Belley was said to have been born on 1 July in either 1746 or 1747 on the island of Gorée, Senegal, but the precise dates of his birth and death are uncertain. At the age of two, he was sold to slavers sailing for the French colony of Saint-Domingue. With his savings, he later bought his freedom. Belley subsequently became a slave owner himself; among the slaves he owned was a mulatto named Fanchonette whom Belley bought for 300 livres in 1780, and another was a woman named Laurore who he sold to a friend in 1787. In 1791, a slave rebellion broke out in Saint-Domingue, sparking chaos across the colony.

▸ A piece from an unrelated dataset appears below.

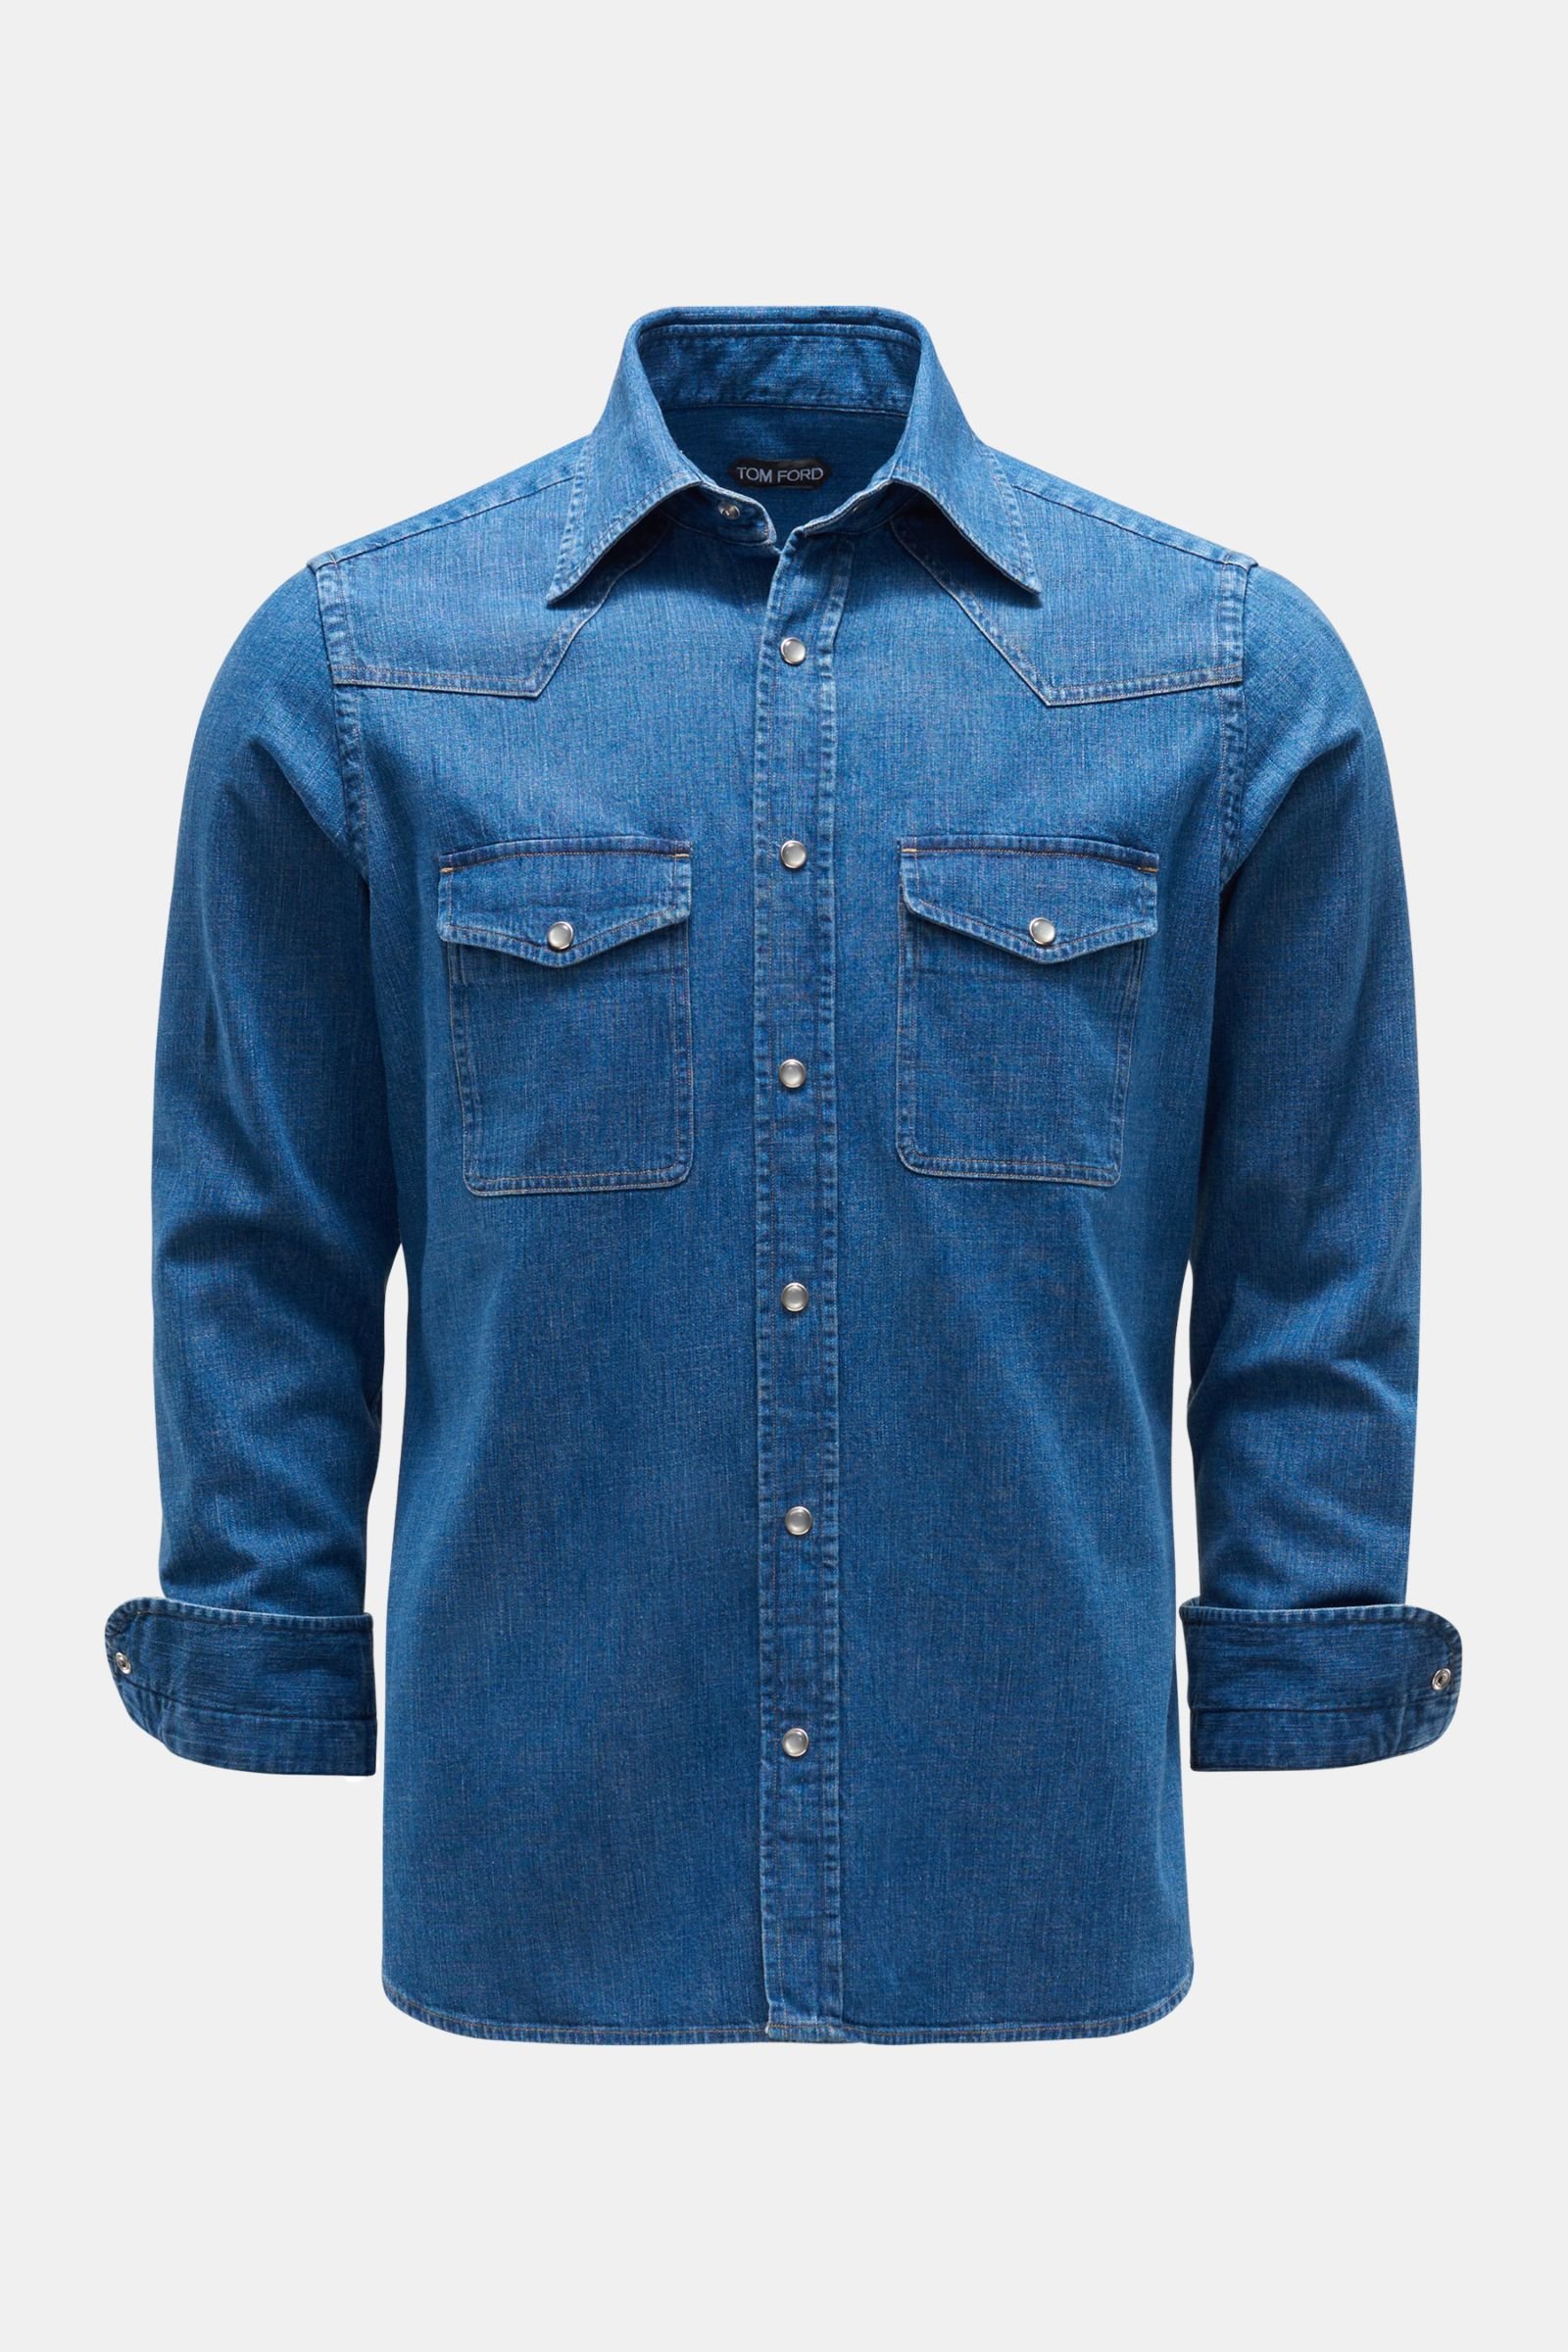 TOM FORD denim shirt Kent collar dark blue | BRAUN Hamburg

As a result of the French Revolution, conflict erupted in Saint-Domingue between Royalists and Republicans in the colony. In 1793, Belley fought as an infantry captain against Royalist forces in Saint-Domingue and was wounded six times. On 24 September 1793, he was one of three deputies elected to the National Convention represented the northern region of Saint-Domingue, together with the mulatto Jean-Baptiste Mills and white Louis-Pierre Dufaÿ, thus becoming the first black deputy to take a seat in the convention. He, along with the other two elected deputies, sat with the Montagnards. On 3 February 1794, he spoke in a debate in the Convention when it decided unanimously to abolish slavery. In a 1795 statement, Belley wrote that he had been the "owner of thinking properties" and praised the 1794 abolition decree as "just and beneficent".

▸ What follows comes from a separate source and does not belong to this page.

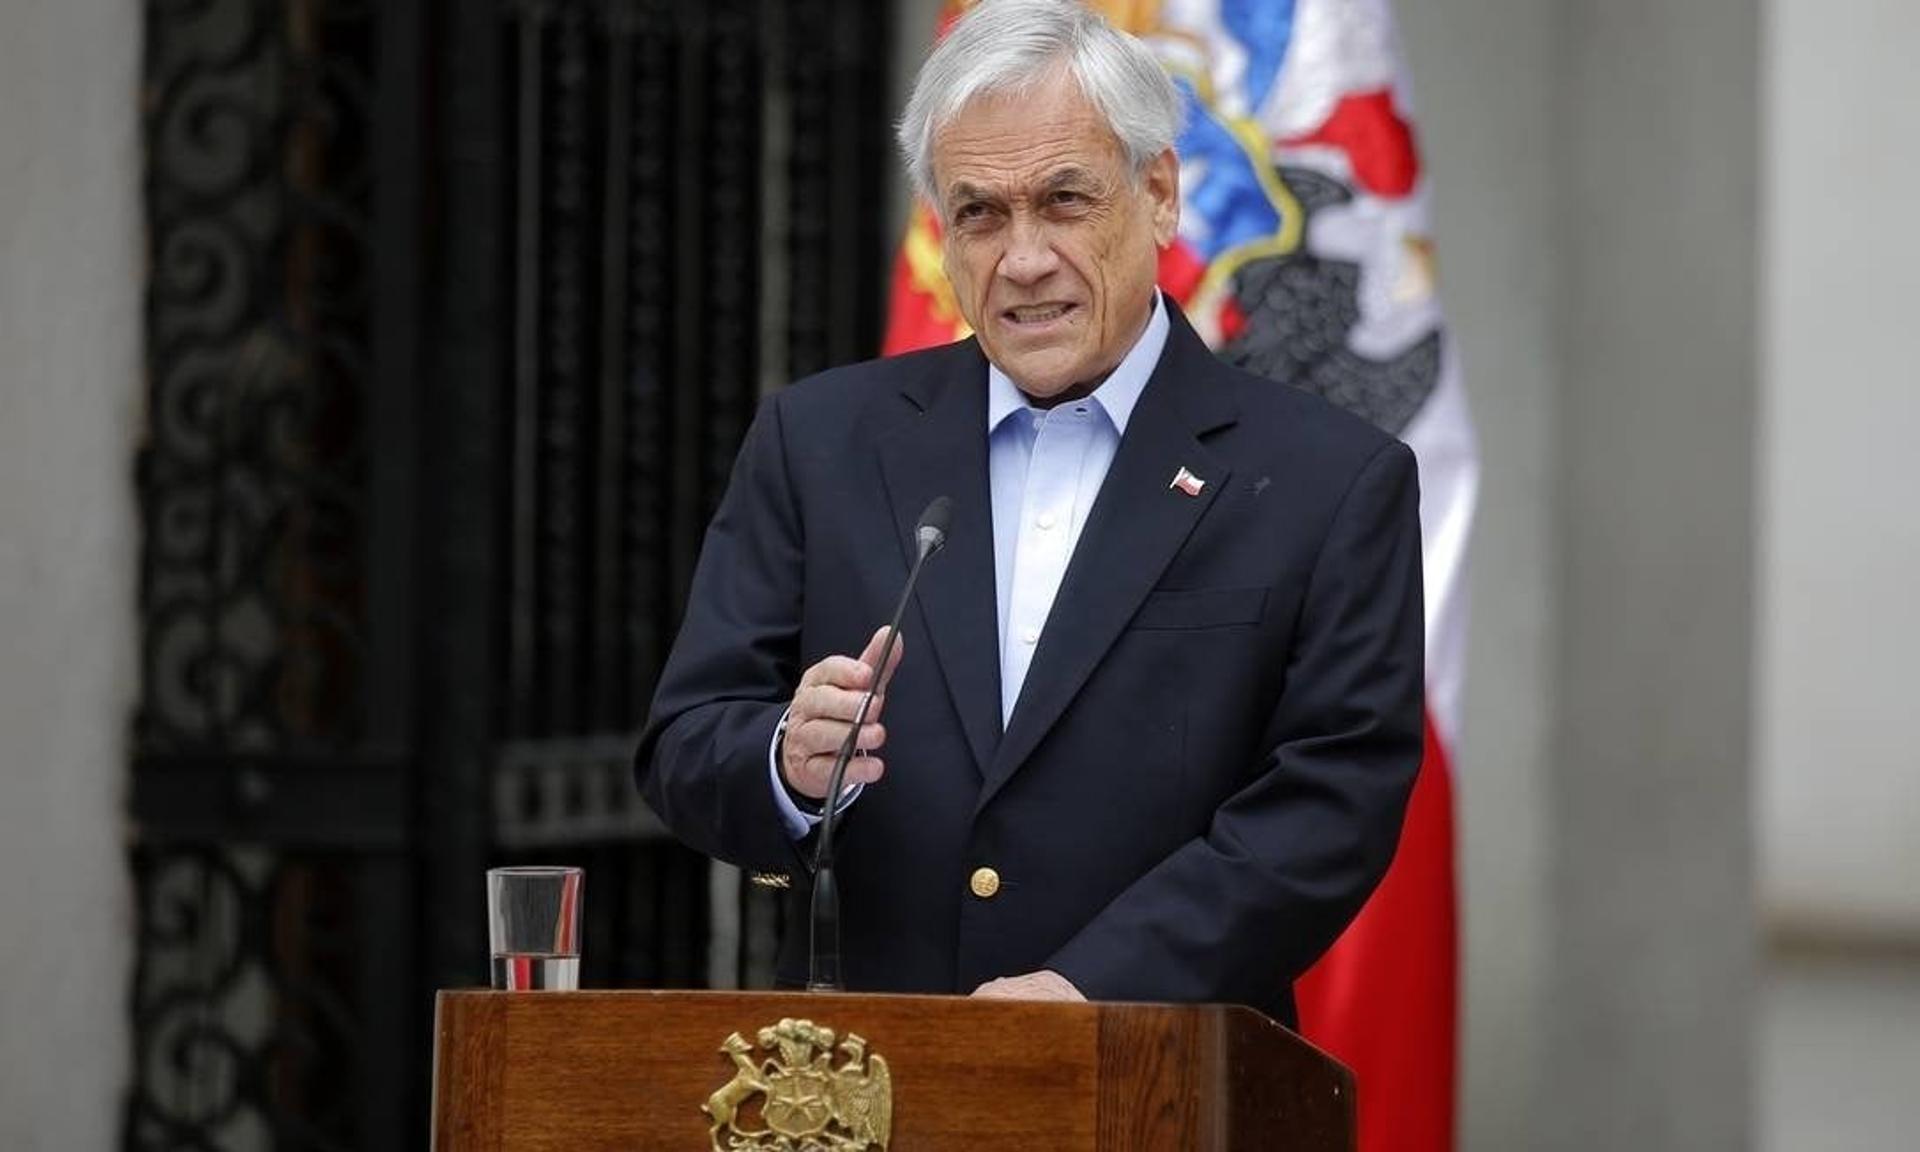 Sebastian Piñera

However, the formal abolition of slavery did not disarm the Royalists, and the war continued. Recognized as a full citizen of the Republic, Belley was an active spokesman for black people. When Benoît Gouly, a pro-slavery deputy from Isle de France, called for special laws reinstituting slavery for the French colonies, Belley denounced a pro-slavery pressure group known as the Massiac Club in a speech published under the title The Settlers' Ear, or the Massiac Hotel System Updated by Gouly. He succeeded for a time in maintaining the Republican principle of equality between people in France and in its colonies, whatever their colour.

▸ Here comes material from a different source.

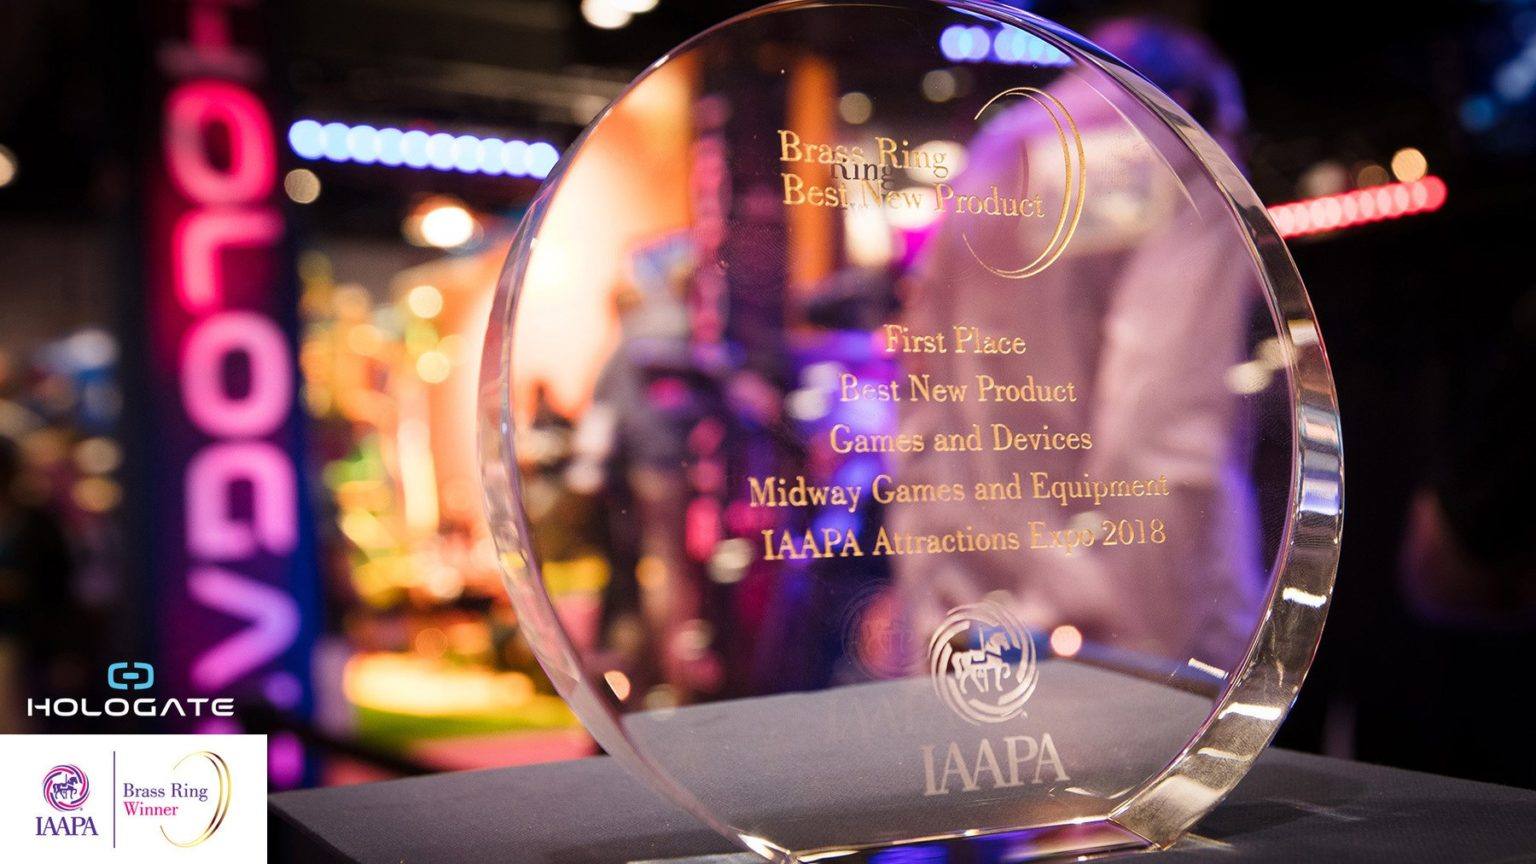 IAAPA Award Winner HOLOGATE

In a declaration of age and marital status for the representatives of Saint-Domingue in the convention, Belley says that he was born at Gorée, is forty-eight years old, has never left the territory of the republic, and has lived forty six years at Cap-Français. In a 'declaration of fortune' dated at Paris on 10 Vendémiaire, Year 4 of the Republic (viz., 1 October 1795), Belley declares that from the Republic he has only his 'emoluments', that he has bought no property, and that he owns only the contents of his room.

Belley continued to serve into the Council of Five Hundred and was reelected on 8 September 1796. On 5 March 1797, he drew the note stating: "Member of the Council of 500 until this coming May." Belley returned to Saint-Domingue in 1802 as a gendarme officer in the expeditionary force commanded by Divisional-general Charles Leclerc. However, Belley was subsequently arrested and sent back to France, where he was imprisoned under house arrest in Belle Île. Belley was still being held prisoner there in 1805 when he wrote to Isaac Louverture, the son of Toussaint Louverture, and died later the same year on 6 August.

==Portrait==
In about 1797, Belley's portrait was painted by Anne-Louis Girodet de Roussy-Trioson, and was exhibited in Paris in 1798.